With that in mind, let us begin.

Problems with Intersectionality

Gaming is cool because it provides an intersection between art and technology. It’s a relationship I’ve talked about before, but one of the caveats I had mentioned is that sometimes there are people who are too in the art side or too in the technical side and just don’t get it.

Anyone who has played games can immediately recognize that the future in which the above LinkedIn post describes fucking sucks. First of all, no one wants to spend two weeks grinding for “better weapons” — perhaps if you are a power user, but power users typically do not consist of more than 5% of a games total player base. Secondly, the balancing issues that would occur out of item cross-contamination on this scale would likely be astronomical, even assuming that all these games were made by the same developers (it seems like the implication is that it is the same chain but widely differing games). Funnily enough, the power users I had mentioned would likely only be interested in focusing on one specific game and not a menagerie of them.

A quick look at Nicolas Vereecke’s profile and, surprise, he has only ever worked in tech and investing and not in game development or other entertainment media (he also now has a profile picture of a black Cryptopunk character which I think is very funny). Mr. Vereecke’s ideal world exists only in his head — it fails in execution, likely because he does not know what users want, likely because he hasn’t actually played that many videogames in the first place.

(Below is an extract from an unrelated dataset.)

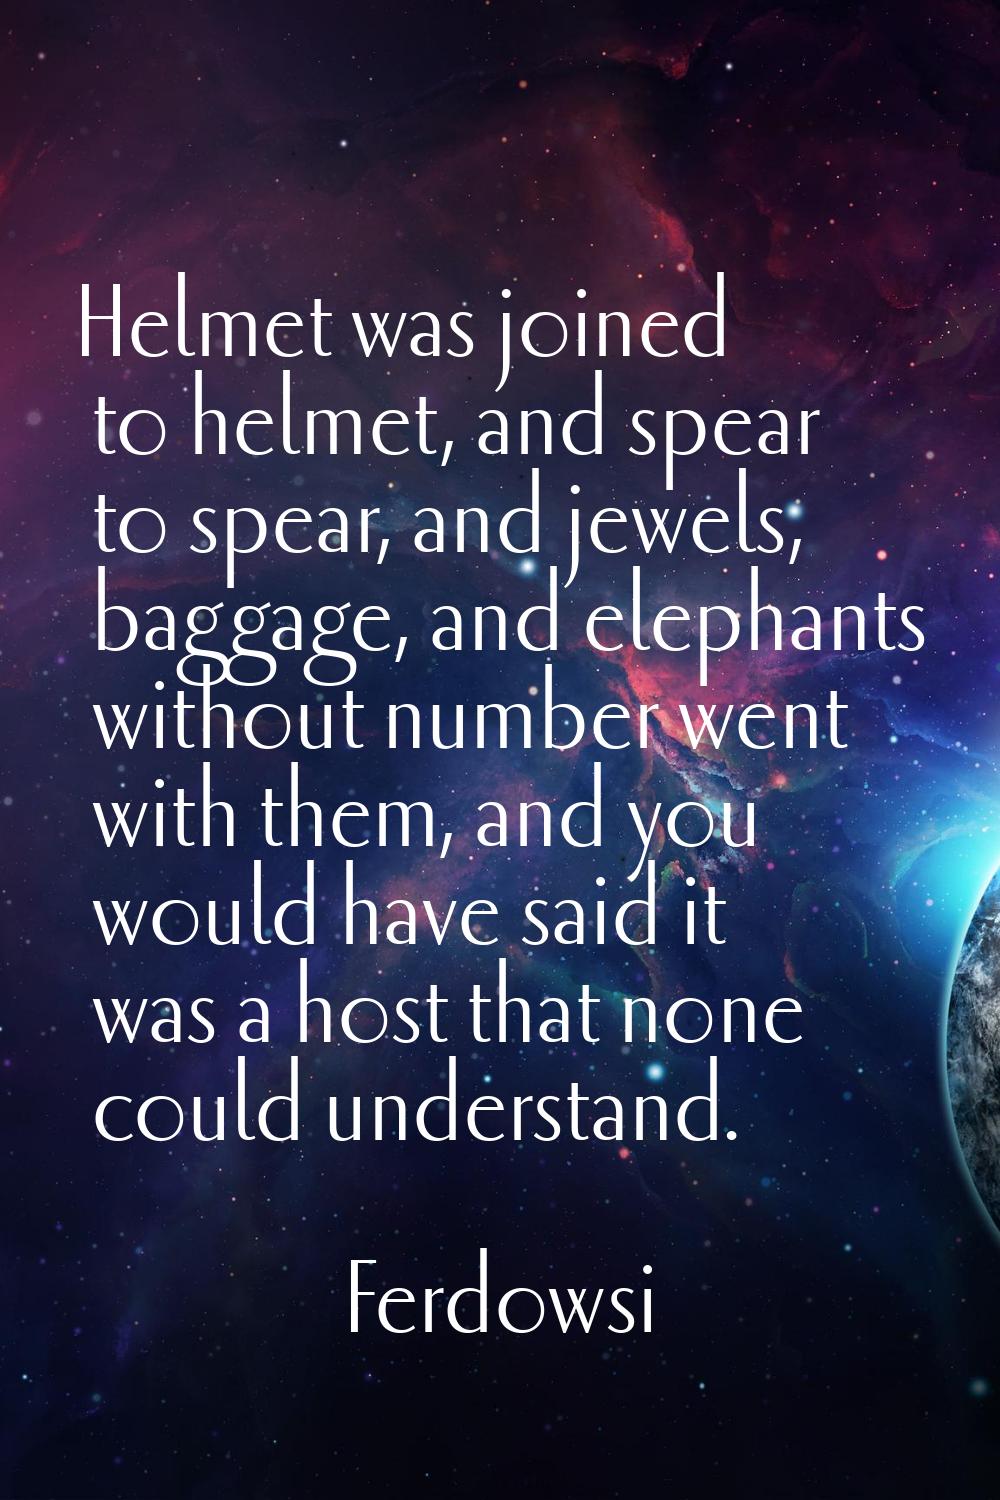 Helmet was joined to helmet, and spear to spear, and jewels, baggage, and elephants without number

Unsurprisingly, Vereecke’s post was absolutely lambasted all over gaming Twitter. But looking at things deeper, there’s a more fundamental, subtle issue with this post beyond power-gaming and balance-scaling.

People don’t want to make money playing games.

Yes, I know, all the hiveminders and junior business boys in the audience just recoiled. “What, people will actively decline a chance to make money???”, they ask themselves. Yes, not everyone is on that hustle grind, and games are especially in this category. This is because games are made specifically as escapist vehicles, — to relax and move away, however briefly, from the reality of paying the bills and working a 9-to-5. Creating an avenue where in many ways the goal of the game is to make money, or to otherwise grind for hours on end, comes into direct conflict with that idea.

Still, this only explains why NFTs might not work. It is not a strong enough argument for why NFTs cannot work. To explain the deeper issue at play, we need to first take a history lesson.

The (Sad) History of Play-To-Earn Games

Play-to-earn games, I can only imagine, have existed since the beginning of time. But the start of P2E as we define it today was primarily influenced by two games: Second Life and Entropia Universe.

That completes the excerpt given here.